Problem launching train_dreambooth_flux.py (noob here)

Heyho guys,
I’m already sorry for wasting your valuable time but I have a problem following the dreambooth tutorial (DreamBooth)

So I followed every step and used ‘accelerate config default’
but I get following error message while trying to run the part, where you use the train_dreambooth_flux.py with ‘accelerate launch train_dreambooth_flux.py --XXX’
with XXX representing all the recommended arguments as well.

Traceback (most recent call last):
  File "/home/tim/miniconda3/envs/flux/bin/accelerate", line 11, in <module>
    sys.exit(main())
             ^^^^^^
  File "/home/tim/miniconda3/envs/flux/lib/python3.11/site-packages/accelerate/commands/accelerate_cli.py", line 48, in main
    args.func(args)
  File "/home/tim/miniconda3/envs/flux/lib/python3.11/site-packages/accelerate/commands/launch.py", line 1159, in launch_command
    multi_gpu_launcher(args)
  File "/home/tim/miniconda3/envs/flux/lib/python3.11/site-packages/accelerate/commands/launch.py", line 793, in multi_gpu_launcher
    distrib_run.run(args)
  File "/home/tim/miniconda3/envs/flux/lib/python3.11/site-packages/torch/distributed/run.py", line 910, in run
    elastic_launch(
  File "/home/tim/miniconda3/envs/flux/lib/python3.11/site-packages/torch/distributed/launcher/api.py", line 138, in __call__
    return launch_agent(self._config, self._entrypoint, list(args))
           ^^^^^^^^^^^^^^^^^^^^^^^^^^^^^^^^^^^^^^^^^^^^^^^^^^^^^^^^
  File "/home/tim/miniconda3/envs/flux/lib/python3.11/site-packages/torch/distributed/launcher/api.py", line 269, in launch_agent
    raise ChildFailedError(
torch.distributed.elastic.multiprocessing.errors.ChildFailedError: 
=======================================================
train_dreambooth_flux.py FAILED
-------------------------------------------------------
Failures:
  <NO_OTHER_FAILURES>
-------------------------------------------------------
Root Cause (first observed failure):
[0]:
  time      : 2024-12-15_15:02:23
  host      : chariot
  rank      : 1 (local_rank: 1)
  exitcode  : -9 (pid: 713731)
  error_file: <N/A>
  traceback : Signal 9 (SIGKILL) received by PID 713731
=======================================================

Is there any possibility of help?
I’m using a machine with 2 NVIDIAS GeForce RTX4090 (24GB)

I don’t have problems with running Diffusers-Models, so it’s probably not a package-dependent problem.

I don’t want a full solution, just maybe a quick tip, where I can go from here on with this error-message?

For example would it be recommended to activate the logging-function and looking there for more specific feedback?

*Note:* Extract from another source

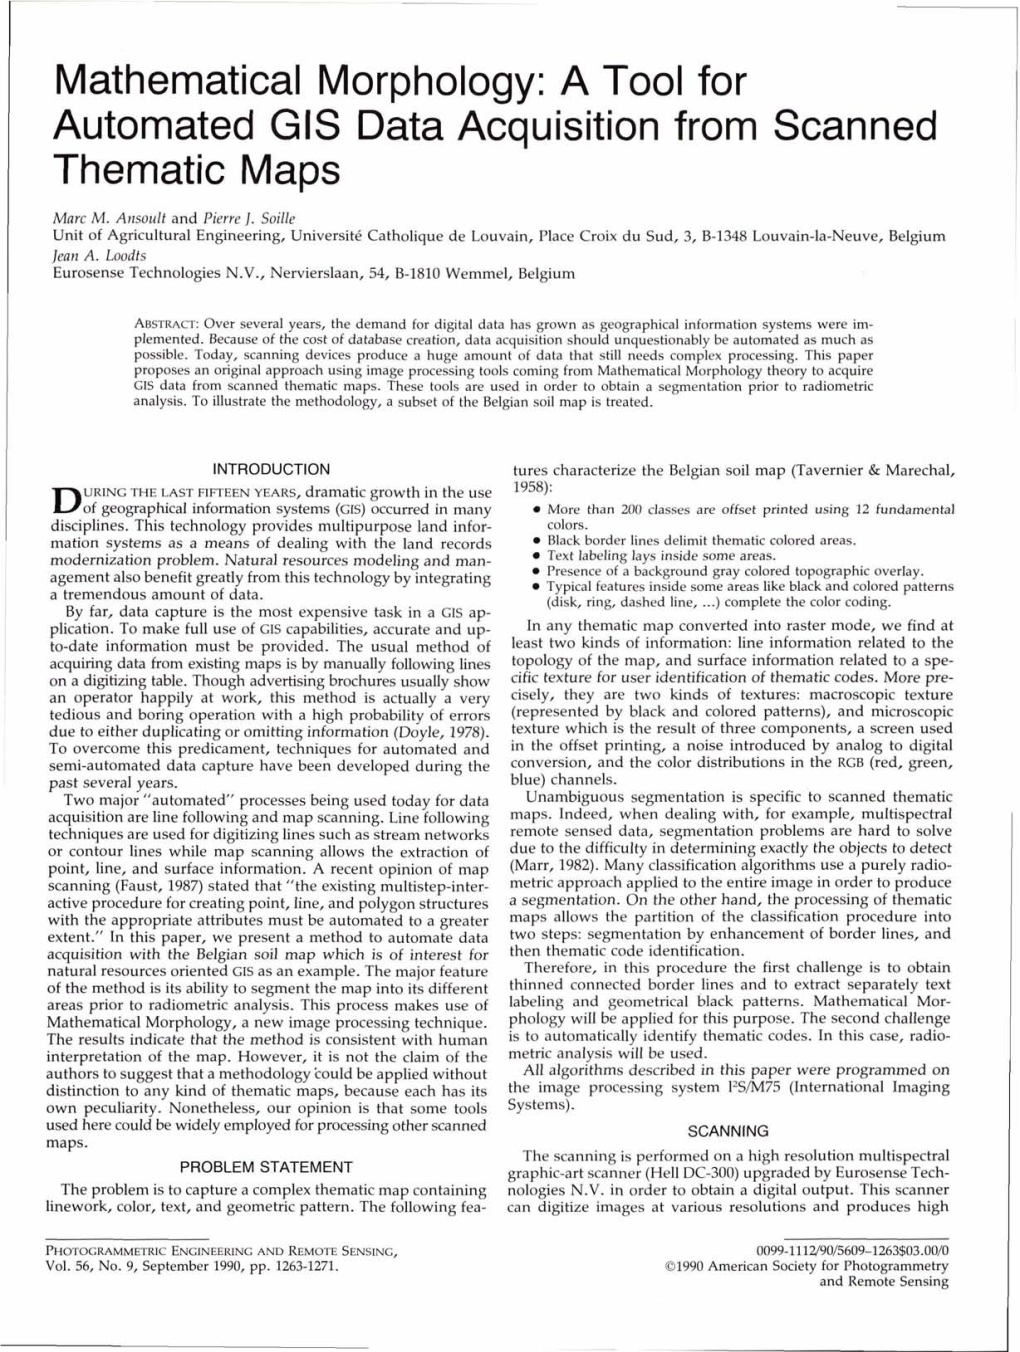 Mathematical Morphology: a Tool for Automated GIS Data Acquisition from Scanned Thematic Maps

Not sure if I would understand anything…

Thanks in advance and sorry for bad english,
Cheers

2 Likes

Check if the system has resource limits set (e.g., ulimit for processes), which might cause the process to be killed. You can check and increase limits using:

bash

Copy code

ulimit -a
ulimit -v <value_in_kbytes>  # To increase max virtual memory
  • Ensure that the training script and the accelerate configuration are correctly set up for multi-GPU training. Review the accelerate configuration file (~/.cache/huggingface/accelerate/default_config.yaml) to ensure proper GPU allocation.
  • Also, review your train_dreambooth_flux.py script for any potential issues, especially related to resource handling or incorrect configurations.
1 Like
  • Memory (RAM): Ensure that your system has enough memory to handle the task. Check memory usage using tools like htop or free -h on Linux.
  • GPU Memory: If you’re using multiple GPUs, check that the GPUs have sufficient VRAM for your model. You can use nvidia-smi to check GPU memory usage.
  • Swap Space: If your system is running out of RAM, the OS might kill processes to avoid crashes. You could consider increasing swap space, but note that this can slow down training.
1 Like